## TASK DESCRIPTION:
Leaving out all pictures, write out word for word the lines from the one containing "Sony E 3.5-5.6/PZ" to the end of the data below.

## INFORMATION PROVIDED:
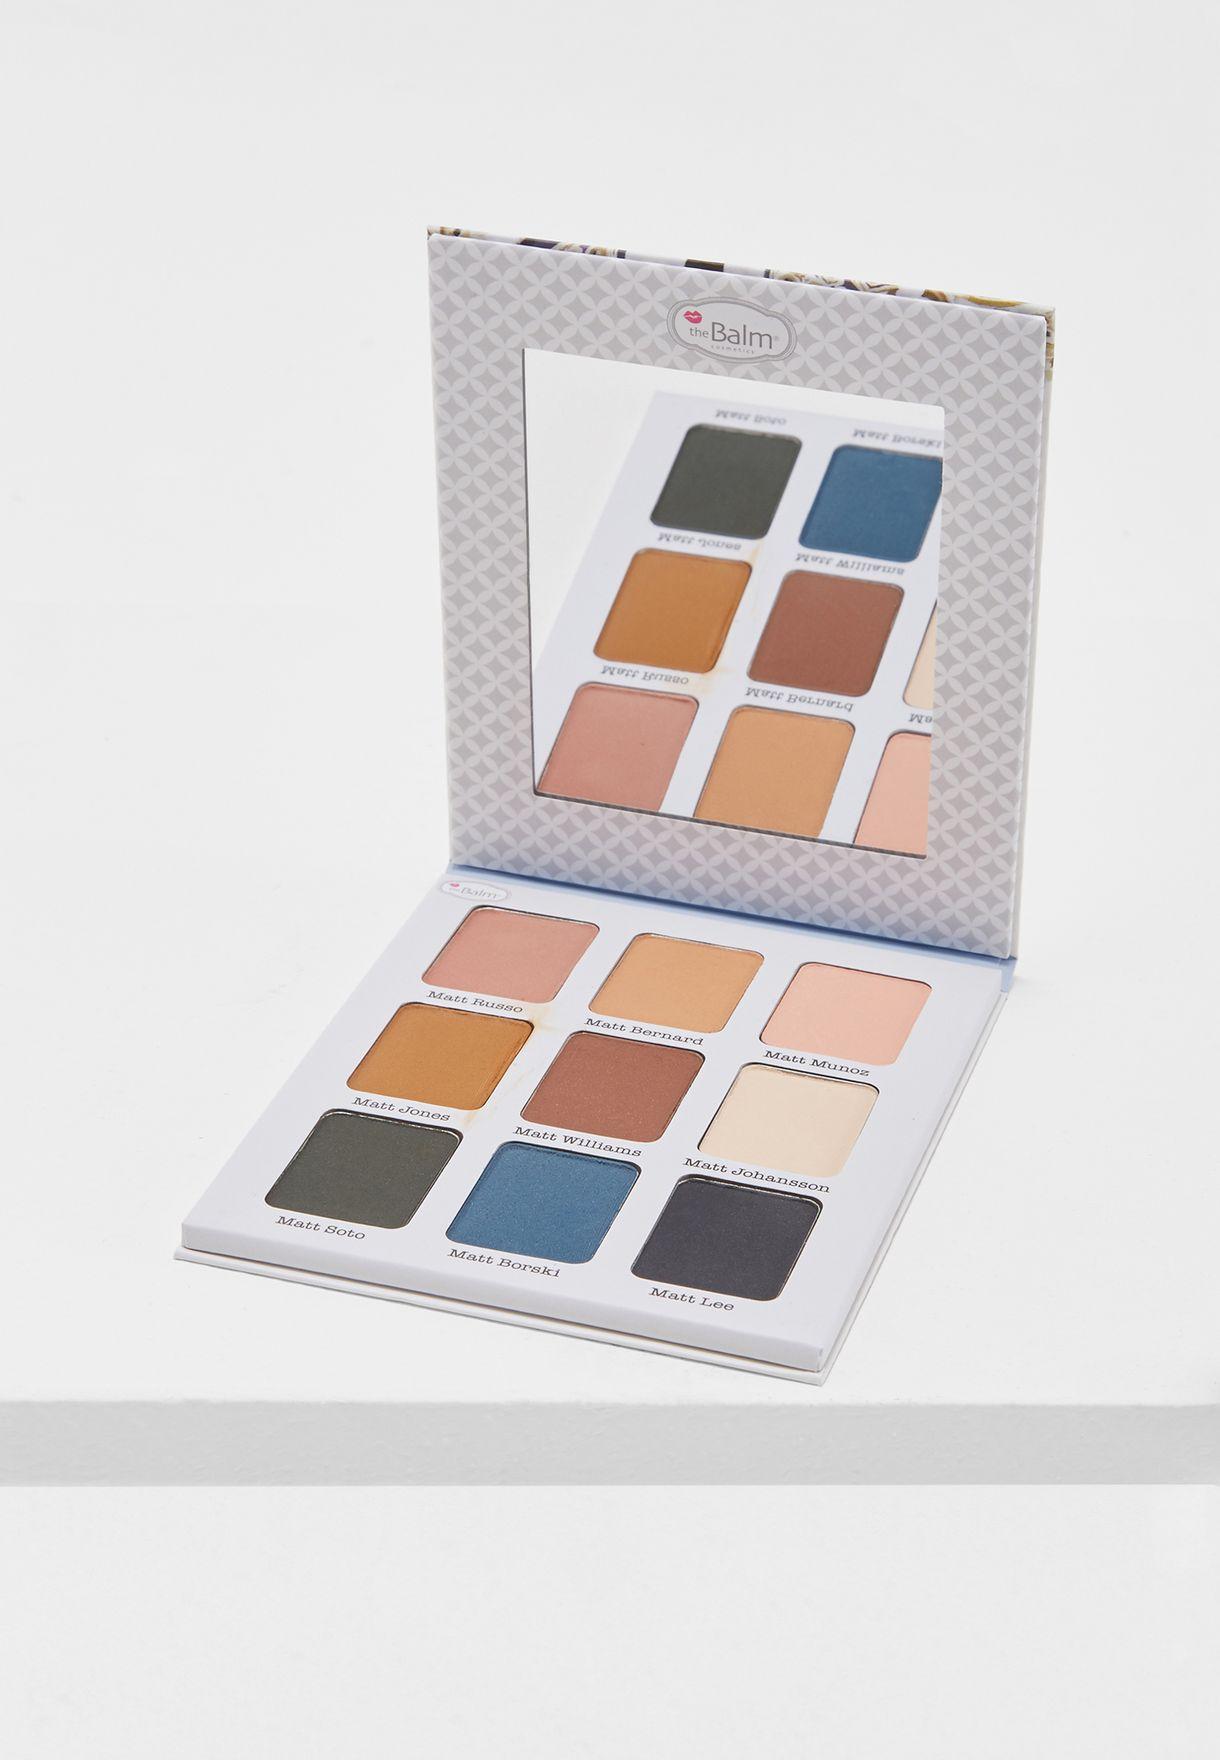 Meet Matte Adore Eyeshadow Palette
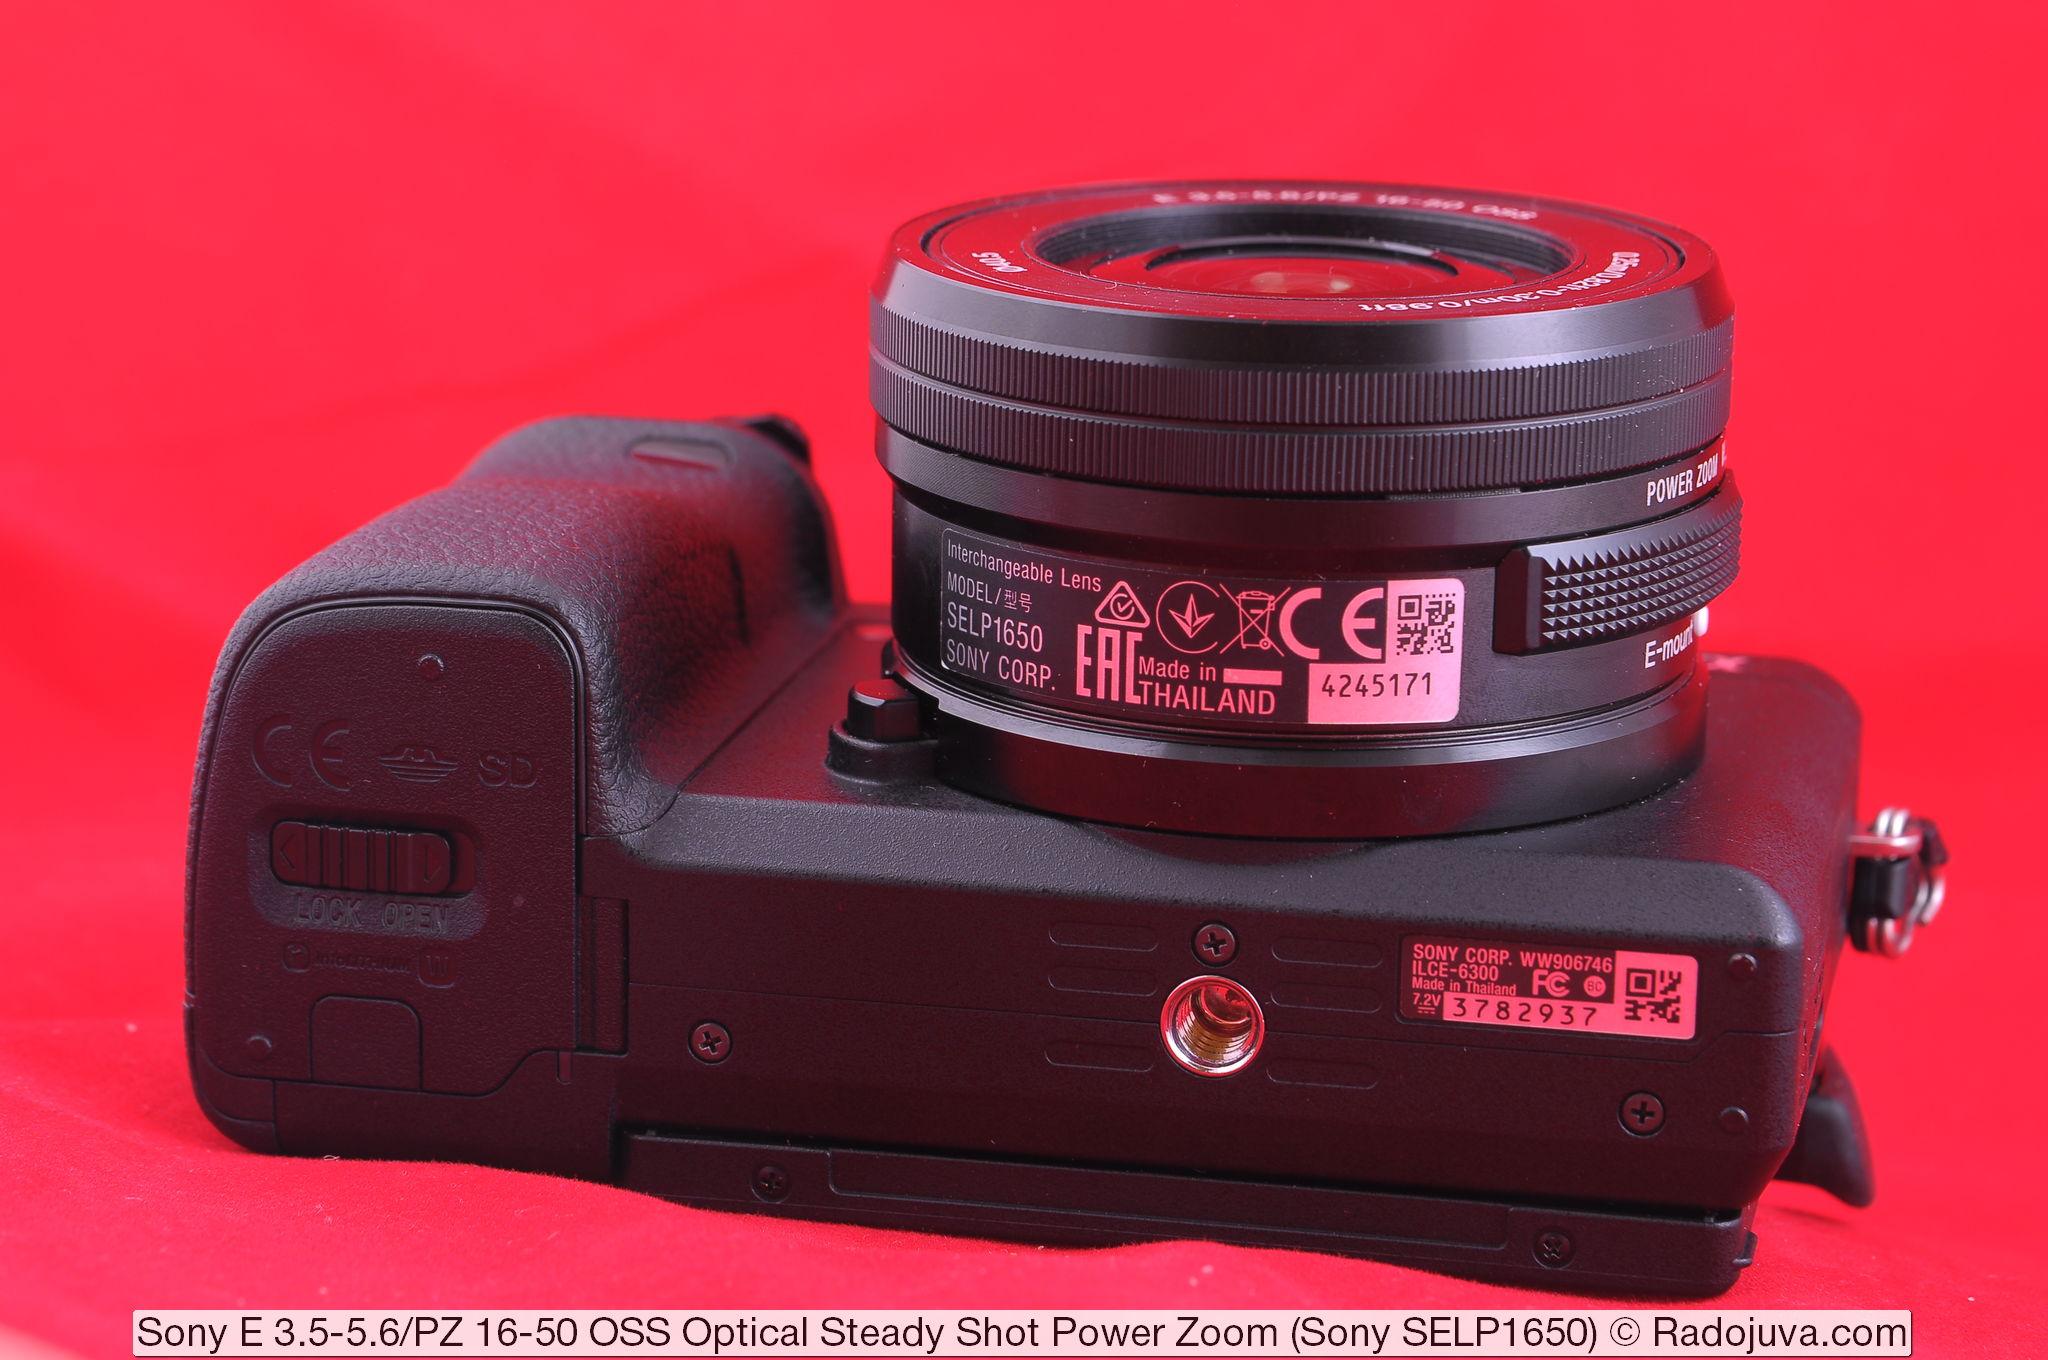 Sony E 3.5-5.6/PZ 16-50 OSS Optical Steady Shot Power Zoom (Sony SELP1650). Объектив показан на беззеркальном фотоаппарате Sony a6300 (ILCE-6300).
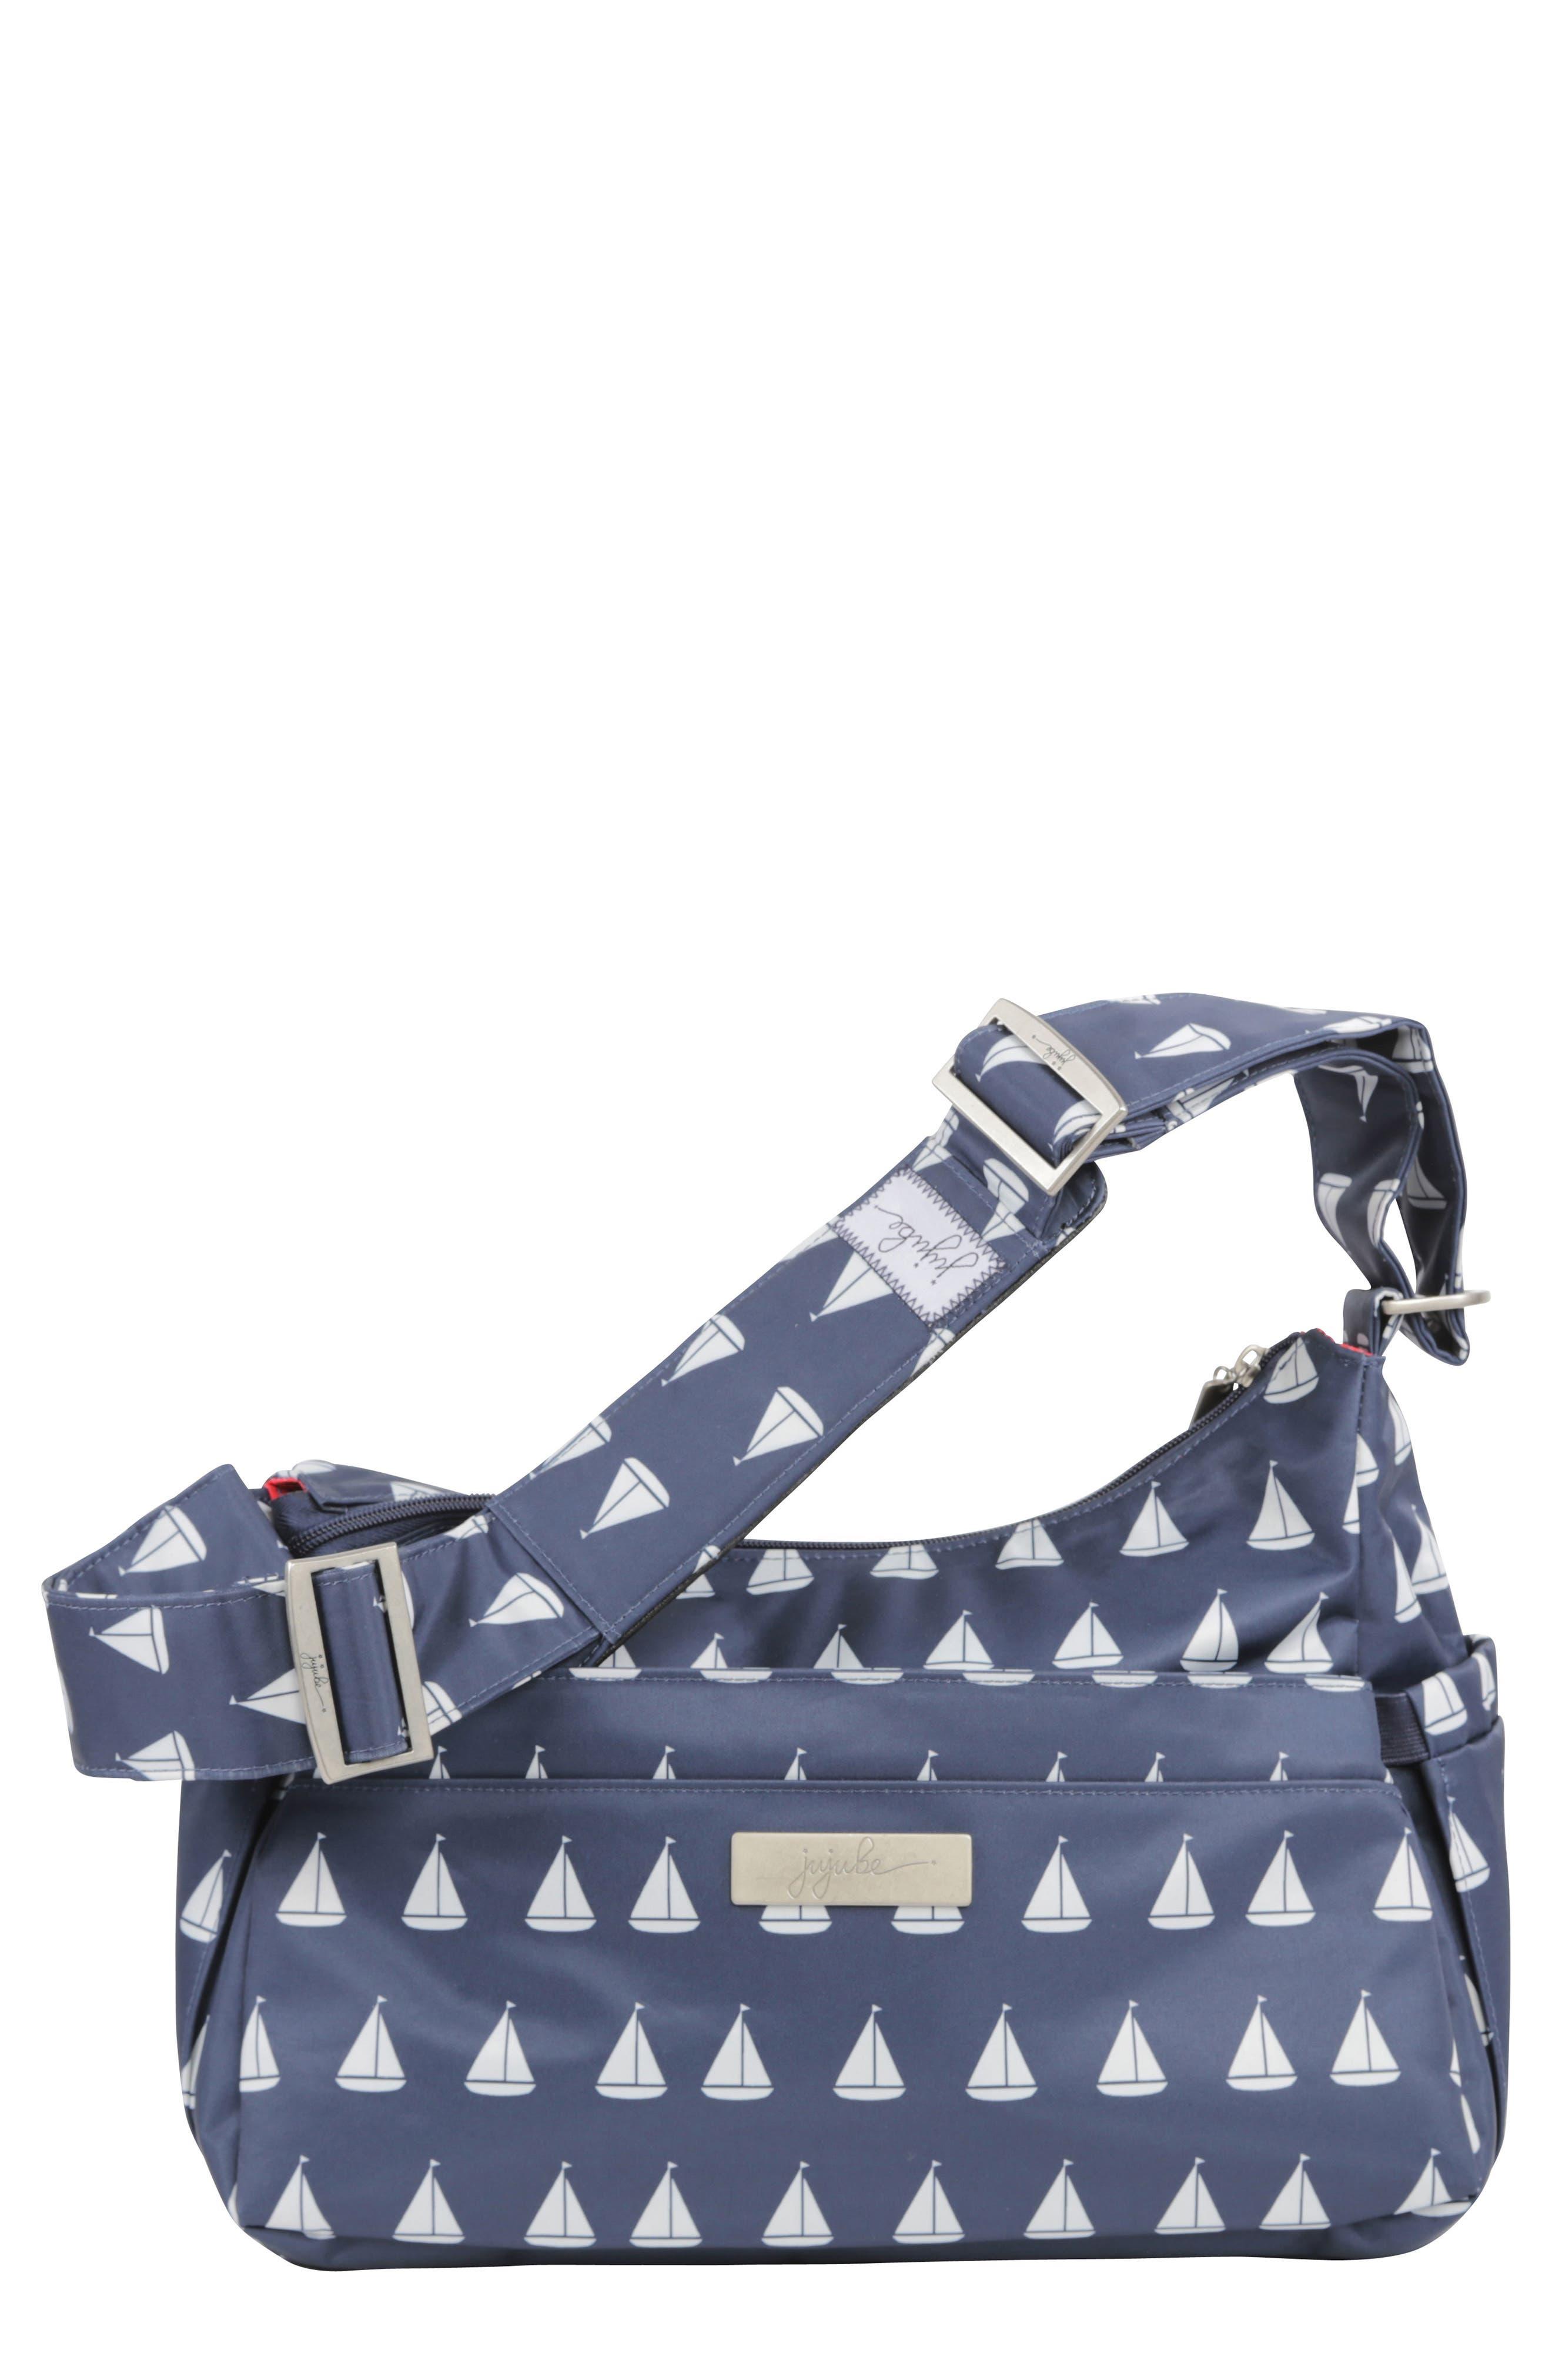 Ju-Ju-Be HoboBe - Coastal Collection Diaper Bag

## RESULT:
 Sony E 3.5-5.6/PZ 16-50 OSS Optical Steady Shot Power Zoom (Sony SELP1650). Объектив показан на беззеркальном фотоаппарате Sony a6300 (ILCE-6300).
 Ju-Ju-Be HoboBe - Coastal Collection Diaper Bag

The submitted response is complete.